In [1]:
import numpy as np
import matplotlib.pyplot as plt
import matplotlib as mpl
import seaborn as sns
import pymc as pm
import arviz as az

In [None]:
# set seabron style and matplotlib parameters for very nice plots
sns.set_style('whitegrid')
mpl.rcParams['xtick.labelsize'] = 14
mpl.rcParams['ytick.labelsize'] = 14
mpl.rcParams['legend.title_fontsize'] = 14
mpl.rcParams['legend.fontsize'] = 12
mpl.rcParams['axes.labelsize'] = 16
mpl.rcParams['figure.figsize'] = [10,6]

# Bayesian model for inferring the mean of a dataset
This notebook introduces Bayesian inference with PyMC by taking the example of inferring the mean of a self-generated data set.
## Generate some data
First, we need some data. We can simply sample from a Normal distribution, because most things in psychology follow a Normal distribution. From these samples we want to infer the mean and the standard deviation. As we generated the data, we know the 'true' values of $\mu$ and $\sigma$ and can compare it with our inferred results. 

In [None]:
# initialize random number generator (rng) of NumPy
rng = np.random.default_rng()

# sample data from Normal distribution
n = 1000 # number of data points
muTrue = 0 # mean of the normal distribution
sdTrue = 1 # standard deviation of the normal distribtion
data = rng.normal(muTrue, sdTrue, n) # sample random data

We can plot our samples as histogram and add the empirical mean and standard deviation:

In [None]:
# plot histogram with empirical mean and sd
plt.hist(data, bins=30, density=True)
plt.vlines(data.mean(), 0, 1, colors='#d28140', label=f'$M$ = {data.mean().round(2)}')
plt.vlines([data.mean()-data.std(), data.mean()+data.std()], 0, 1, colors='#e6cdae', 
            label=f'$SD$ = {data.std().round(2)}')

plt.legend()
plt.show()

## Bayesian Workflow
The process of Bayesian modeling can be divided into three steps, also sometimes called Bayesian workflow:
1. <b>Design the model</b> based on the assumptions and how your data could have been generated.
2. <b>Bayesian inference</b> using Bayes' theorem to get the posterior distribution.
3. <b>Model checks</b> according to different criteria (e.g. convergence checks, expertise).

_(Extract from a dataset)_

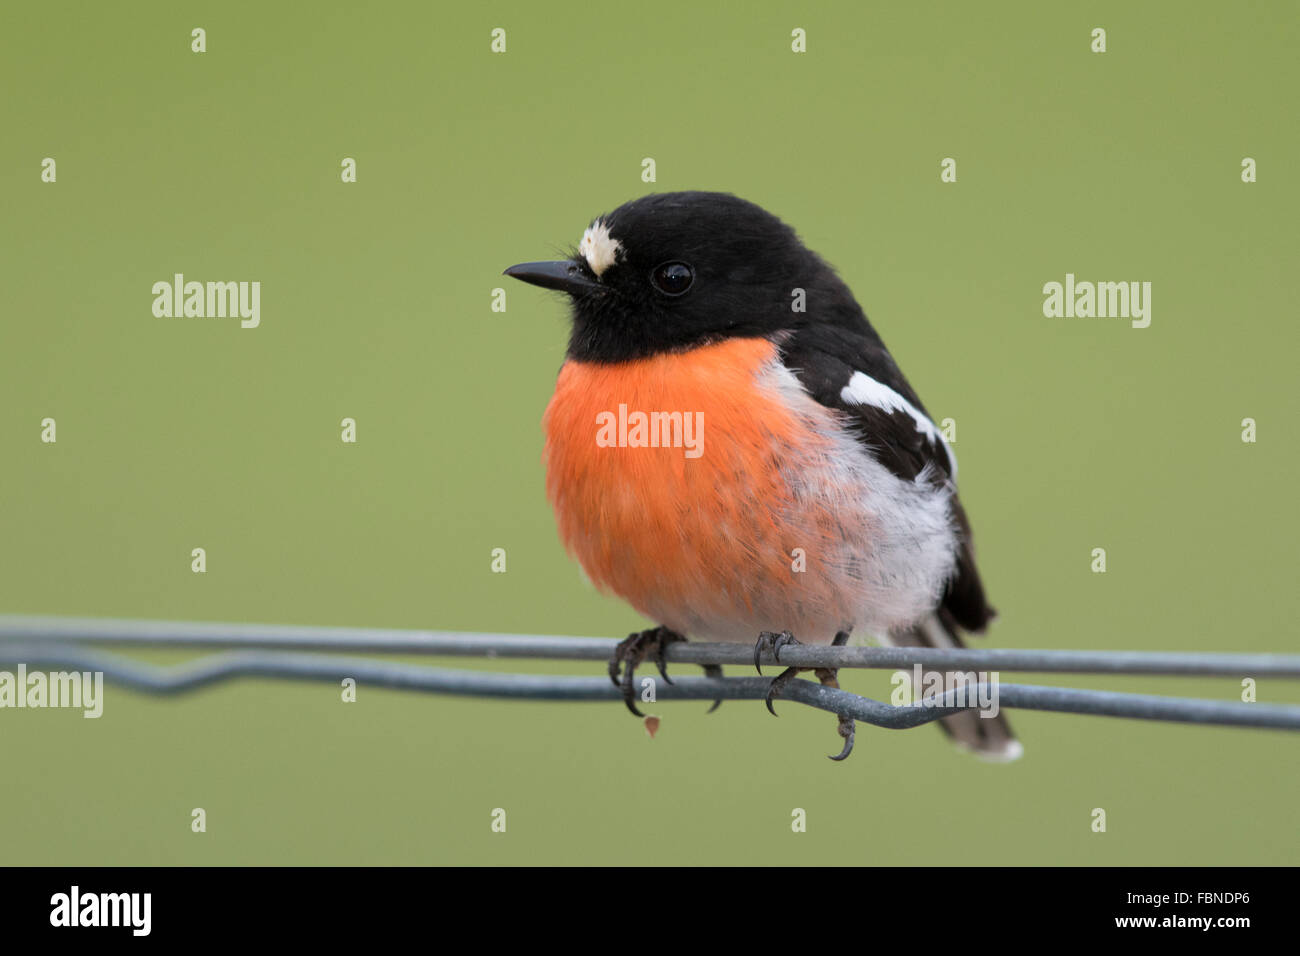 male Scarlet Robin (Petroica boodang) perched on a wire fence Stock Photo

The first part is the most important and hardest part. Because you have to determine the relations between your parameters and variables, select appropriate probability distributions, and set the priors. The second part is solved by our probabilistic programming language (i.e. PyMC or any other PPL). The last part is also important, because we only have an approximation of the real posterior, and the checks try to ensure that we can trust our results.


# Design the model
One possible approach is to start with the data (i.e. dependent variable) and select the probability distribution that describes the data. Normally each probability distribution is defined by parameters (e.g. Normal: $\mu$ and $\sigma$) and as next step we have to define how these parameters are modeled. One possibility is to infer these parameters and select a probability distribution for each parameter again. Again these distributions have parameters, but now we can set these parameters to specific values. This would define our <font color=#8f3985><b>prior</b></font> and Bayesian inference infers a posterior for these. The other possibility would be that the parameters are defined by other variables and parameters. Here we would have to add these to our model too.

### <font color=#D28140><u>Exercise:</u></font>
How could the model for inferring the mean and standard deviation look like?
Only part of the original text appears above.